LapB (YciM) orchestrates protein-protein interactions at the interface of lipopolysaccharide and phospholipid biosynthesis.

作者信息

Möller Anna-Maria, Brückner Simon, Tilg Lea-Janina, Kutscher Blanka, Nowaczyk Marc M, Narberhaus Franz

机构信息

Microbial Biology, Ruhr University Bochum, Bochum, Germany.

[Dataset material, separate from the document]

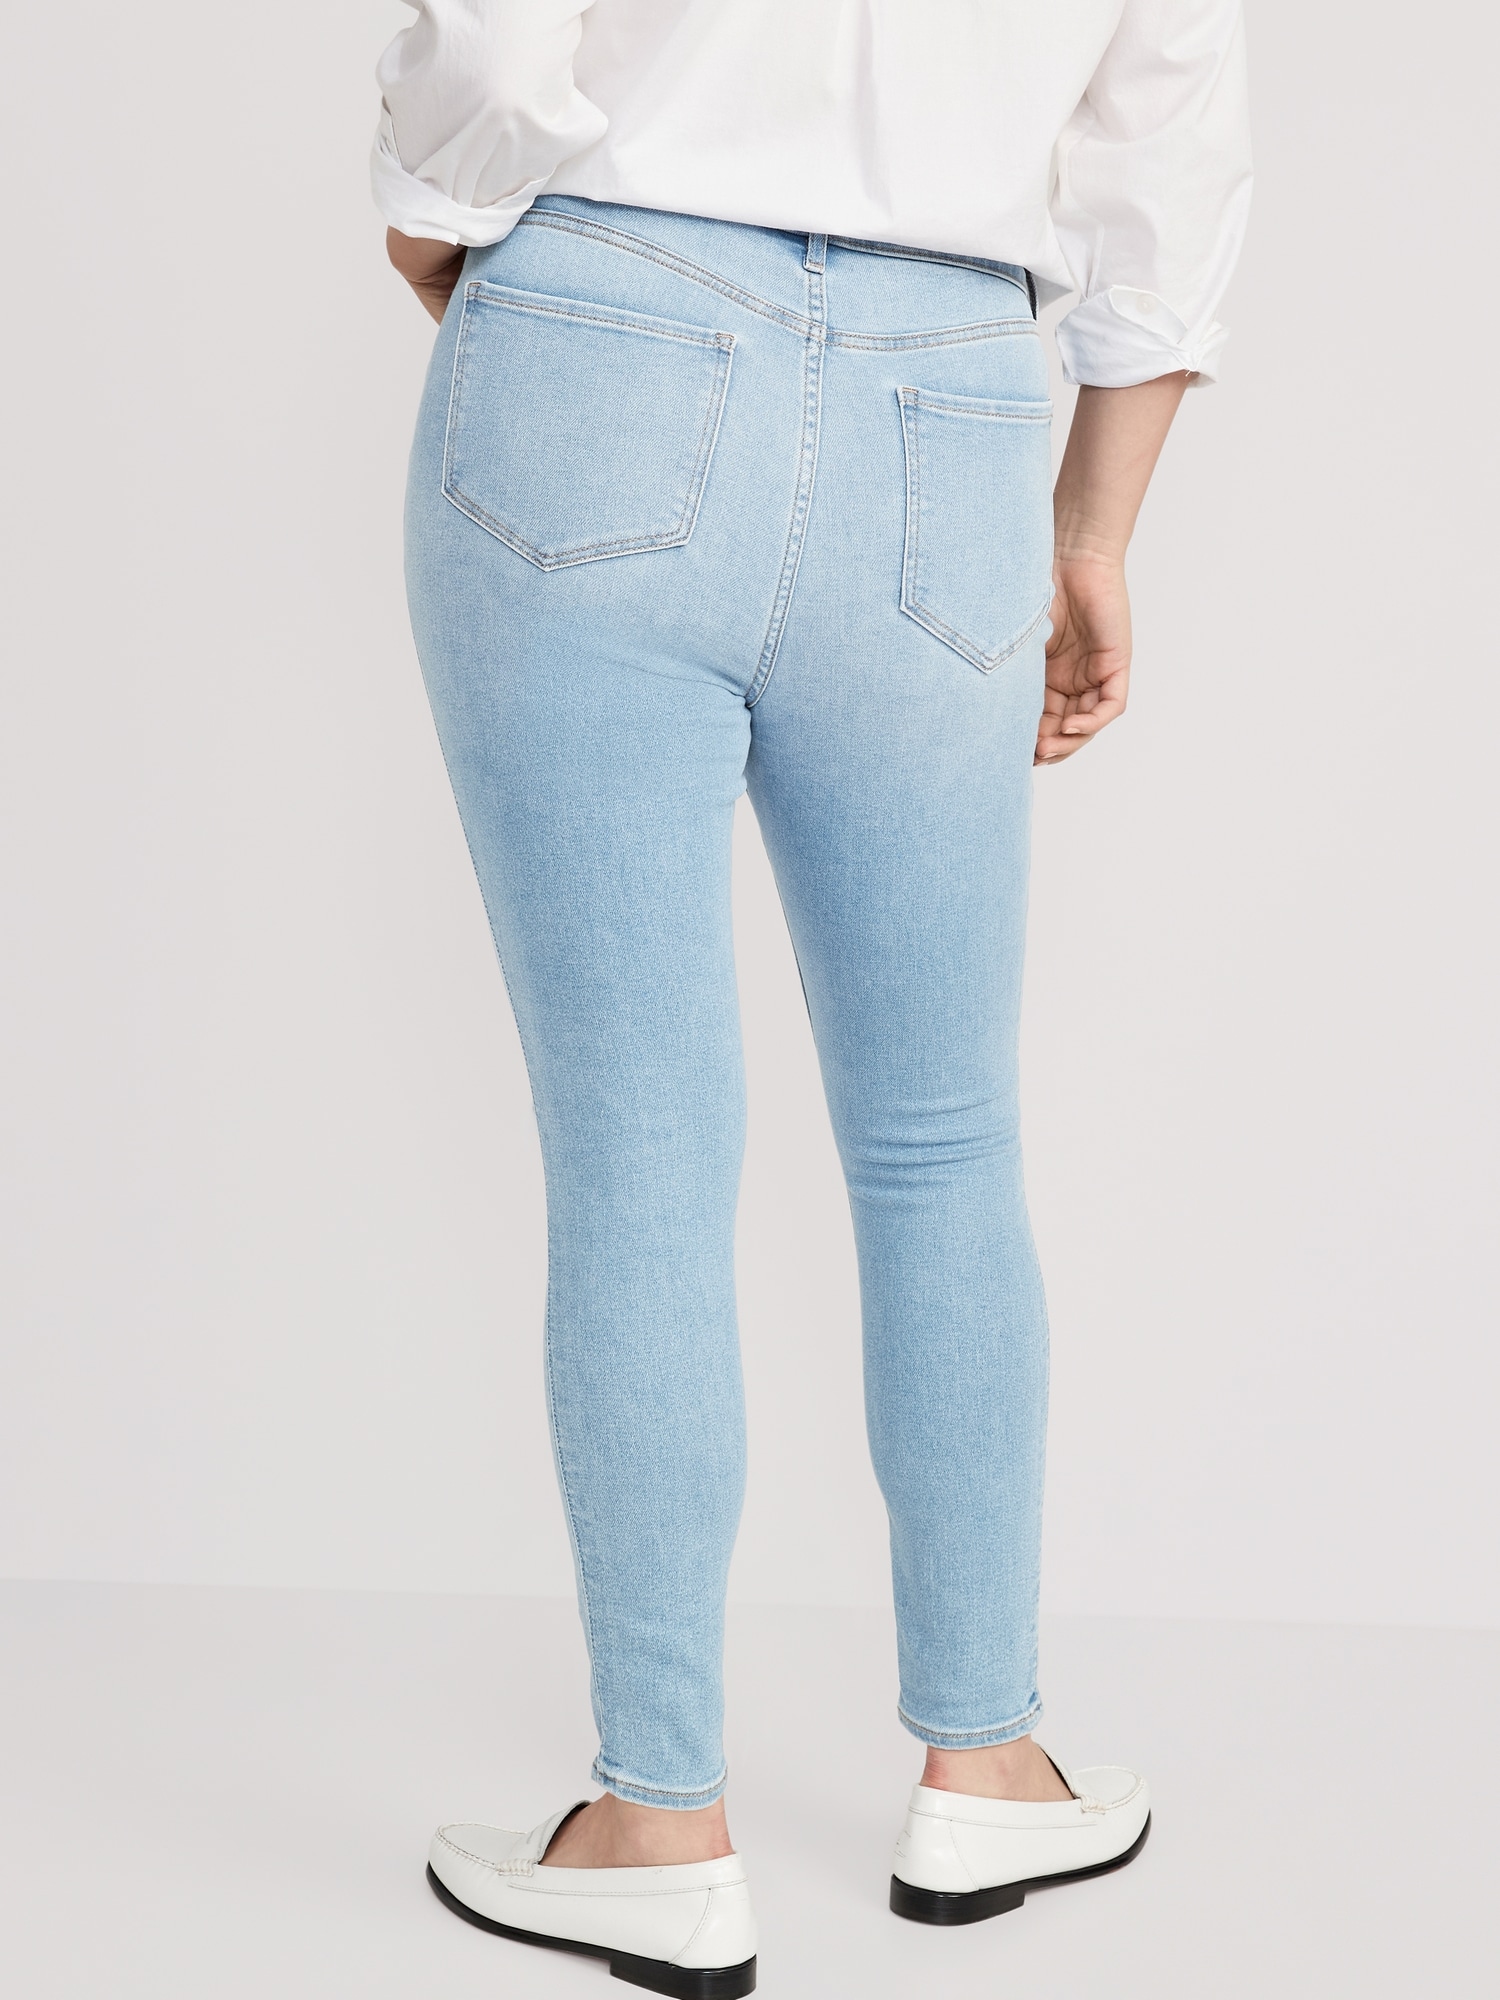 Extra High-Waisted | Super-Skinny Rockstar Navy Stretch for Old Women Jeans 360°

Plant Biochemistry, Ruhr University Bochum, Bochum, Germany.

出版信息

Mol Microbiol. 2023 Jan;119(1):29-43. doi: 10.1111/mmi.15005. Epub 2022 Dec 4.

DOI:10.1111/mmi.15005
PMID:36464488
Abstract

The outer membrane (OM) of Gram-negative bacteria functions as an essential barrier and is characterized by an asymmetric bilayer with lipopolysaccharide (LPS) in the outer leaflet. The enzyme LpxC catalyzes the first committed step in LPS biosynthesis. It plays a critical role in maintaining the balance between LPS and phospholipids (PL), which are both derived from the same biosynthetic precursor. The essential inner membrane proteins YejM (PbgA, LapC), LapB (YciM), and the protease FtsH are known to account for optimal LpxC levels, but the mechanistic details are poorly understood. LapB is thought to be a bi-functional protein serving as an adaptor for FtsH-mediated turnover of LpxC and acting as a scaffold in the coordination of LPS biosynthesis. Here, we provide experimental evidence for the physical interaction of LapB with proteins at the biosynthetic node from where the LPS and PL biosynthesis pathways diverge. By a total of four in vivo and in vitro assays, we demonstrate protein-protein interactions between LapB and the LPS biosynthesis enzymes LpxA, LpxC, and LpxD, between LapB and YejM, the anti-adaptor protein regulating LapB activity, and between LapB and FabZ, the first PL biosynthesis enzyme. Moreover, we uncovered a new adaptor function of LapB in destabilizing not only LpxC but also LpxD. Overall, our study shows that LapB is a multi-functional protein that serves as a protein-protein interaction hub for key enzymes in LPS and PL biogenesis presumably by virtue of multiple tetratricopeptide repeat (TPR) motifs in its cytoplasmic C-terminal region.

摘要

革兰氏阴性菌的外膜(OM)起着至关重要的屏障作用,其特征是外小叶含有脂多糖(LPS)的不对称双层膜。LpxC酶催化LPS生物合成的第一步关键反应。它在维持LPS与磷脂(PL)之间的平衡中起关键作用,LPS和PL均来自相同的生物合成前体。已知必需的内膜蛋白YejM(PbgA、LapC)、LapB(YciM)和蛋白酶FtsH可调节LpxC达到最佳水平,但其机制细节尚不清楚。LapB被认为是一种双功能蛋白,作为FtsH介导的LpxC周转的衔接蛋白,并在LPS生物合成的协调中作为支架发挥作用。在这里,我们提供了实验证据,证明LapB与LPS和PL生物合成途径分歧处的生物合成节点上的蛋白质存在物理相互作用。通过总共四项体内和体外试验,我们证明了LapB与LPS生物合成酶LpxA、LpxC和LpxD之间、LapB与调节LapB活性的抗衔接蛋白YejM之间以及LapB与第一个PL生物合成酶FabZ之间存在蛋白质-蛋白质相互作用。此外,我们发现LapB不仅对LpxC,而且对LpxD具有新的衔接蛋白功能,可使其不稳定。总体而言,我们的研究表明,LapB是一种多功能蛋白,可能凭借其细胞质C末端区域的多个四肽重复(TPR)基序,作为LPS和PL生物合成中关键酶的蛋白质-蛋白质相互作用枢纽。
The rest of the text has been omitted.